§ Given data:
———

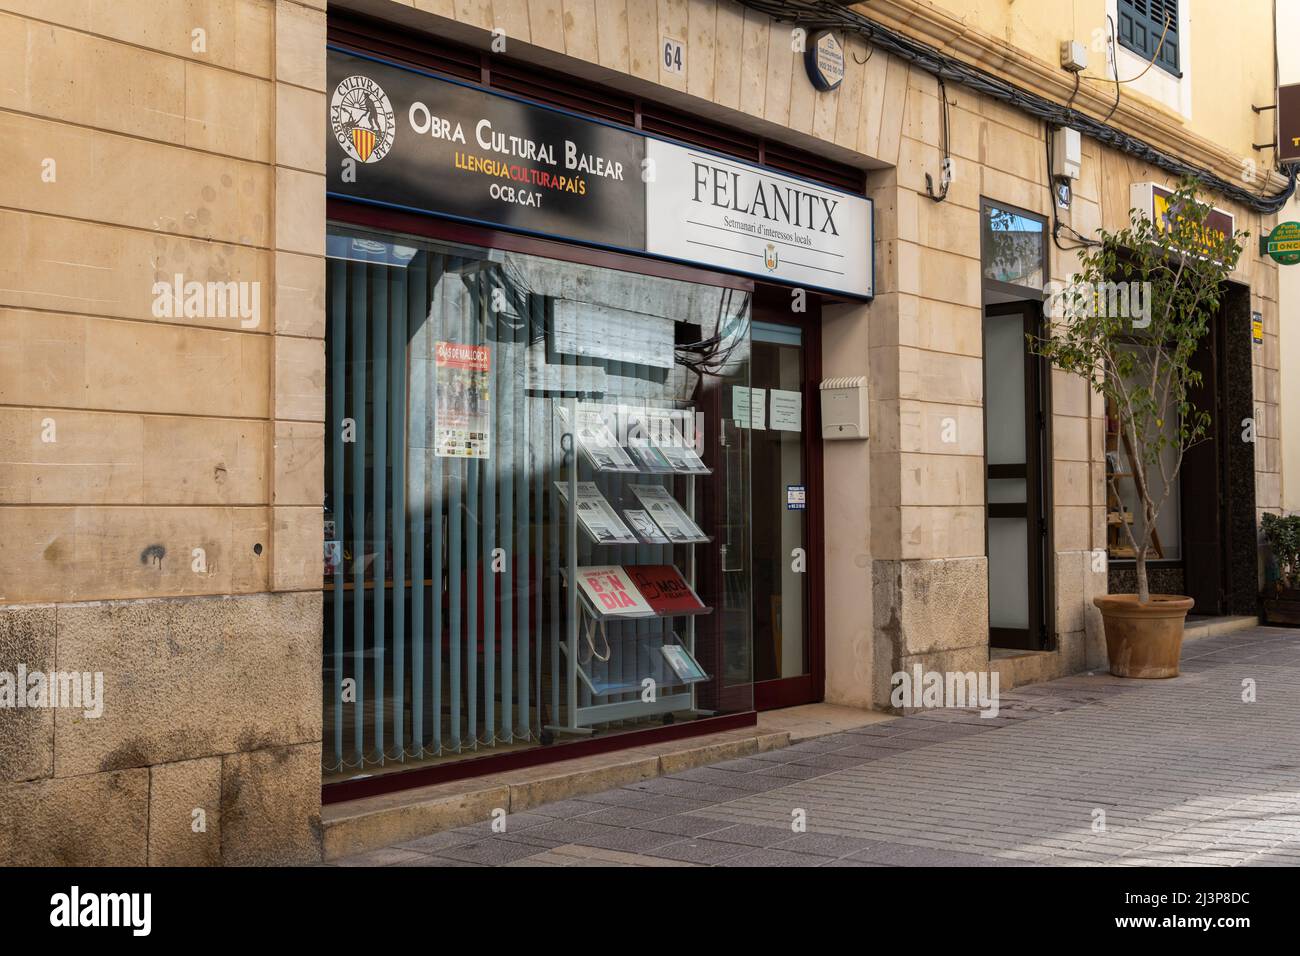 Felanitx, Spanien; april 07 2022: Hauptfassade des Hauptsitzes von Obra Cultural Balear, in der mallorquinischen Stadt Felanitx, Spanien Stockfoto
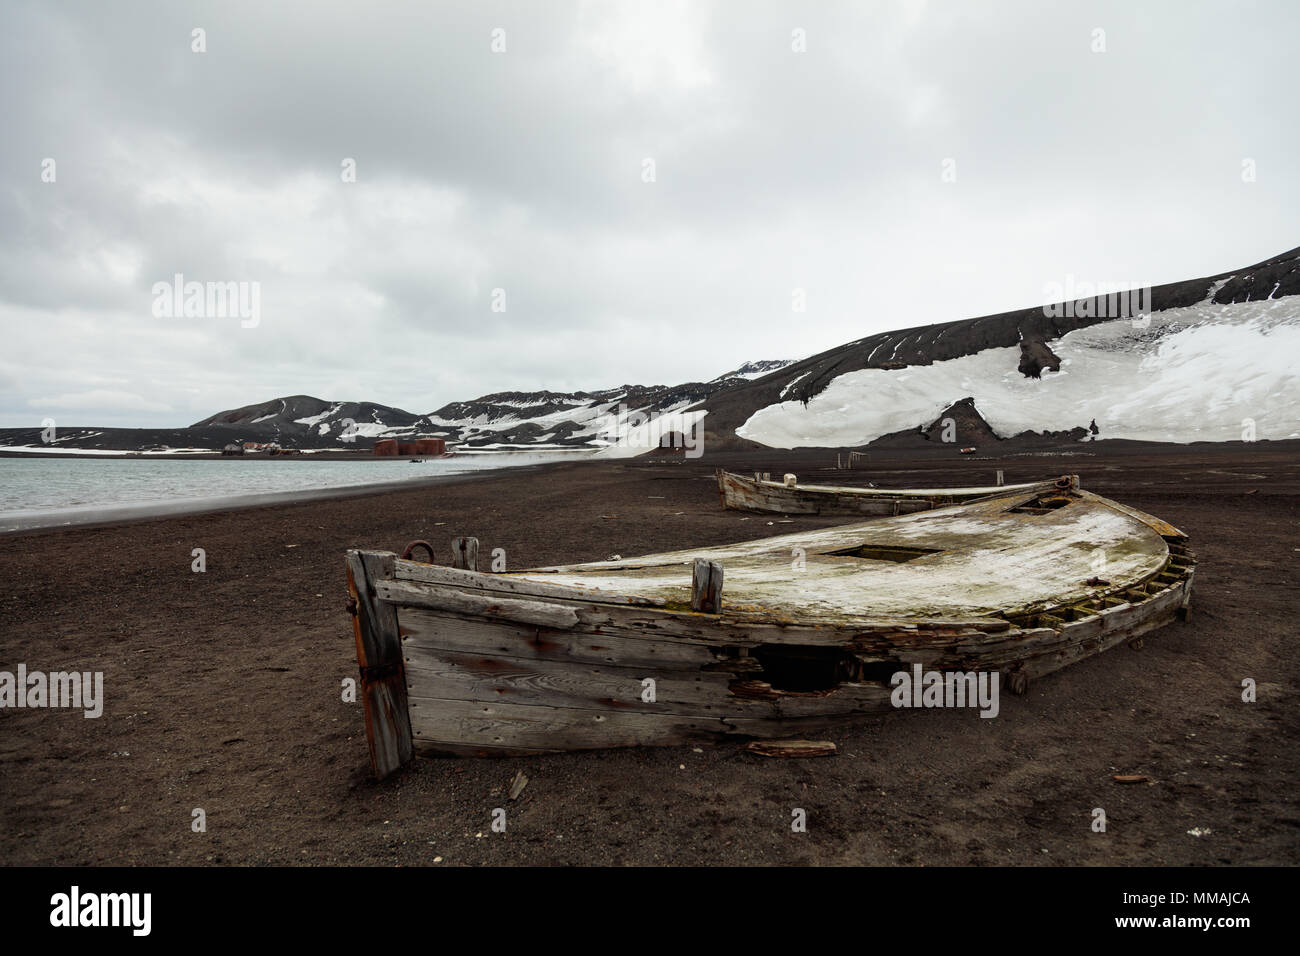 Un barco de agua decadente, utilizado para almacenar agua potable, yace abandonada en la playa, en la Isla Decepción Foto de stock
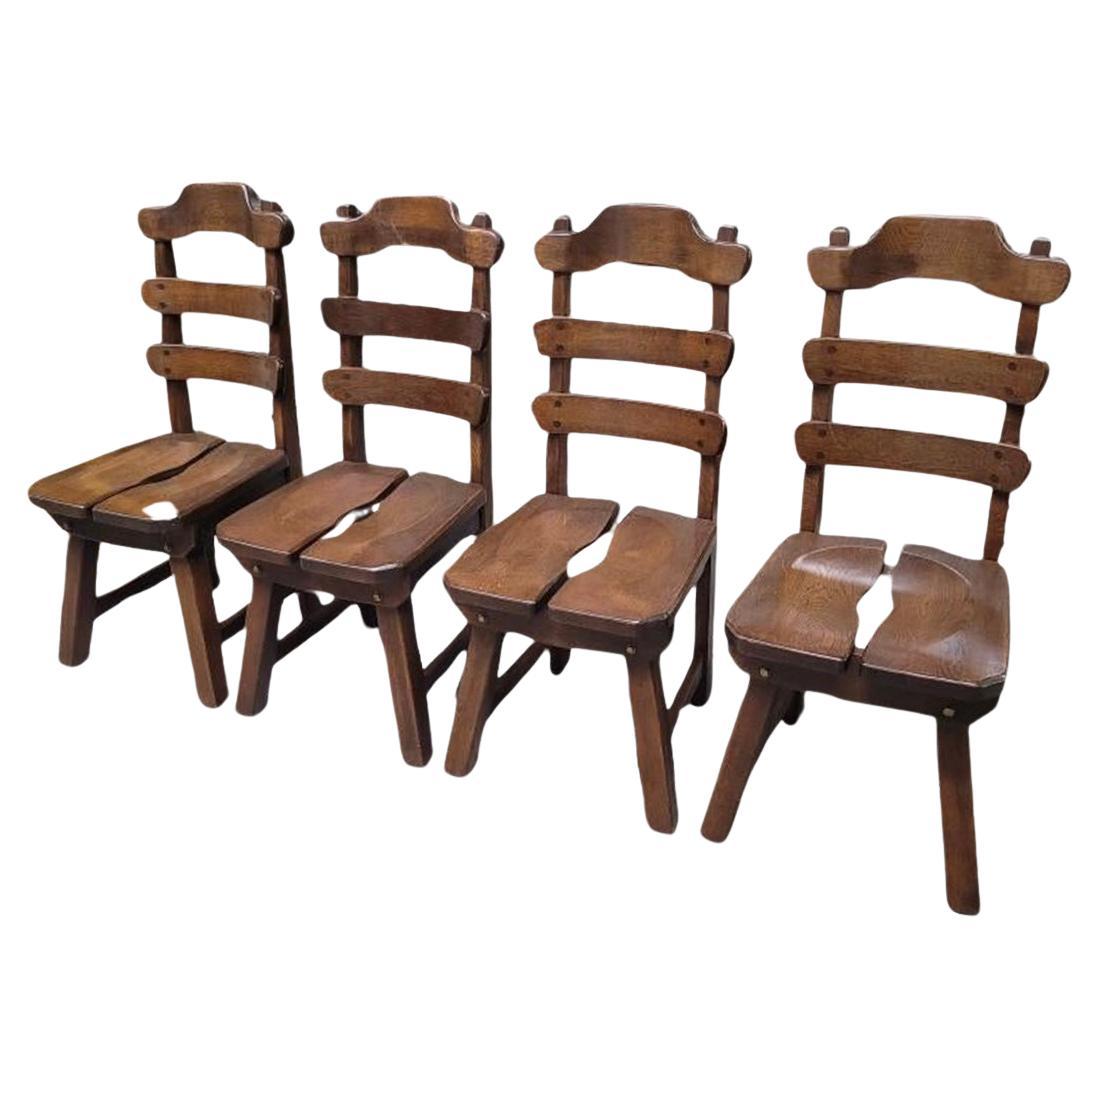 Brutalistische primitive dänische Eichenholz-Esszimmerstühle, skandinavische Stühle

———

§ What this task involves: Omit each picture, then return all of the listing exactly as it stands.

§ Response below:
 Felanitx, Spanien; april 07 2022: Hauptfassade des Hauptsitzes von Obra Cultural Balear, in der mallorquinischen Stadt Felanitx, Spanien Stockfoto
 Un barco de agua decadente, utilizado para almacenar agua potable, yace abandonada en la playa, en la Isla Decepción Foto de stock
 Brutalistische primitive dänische Eichenholz-Esszimmerstühle, skandinavische Stühle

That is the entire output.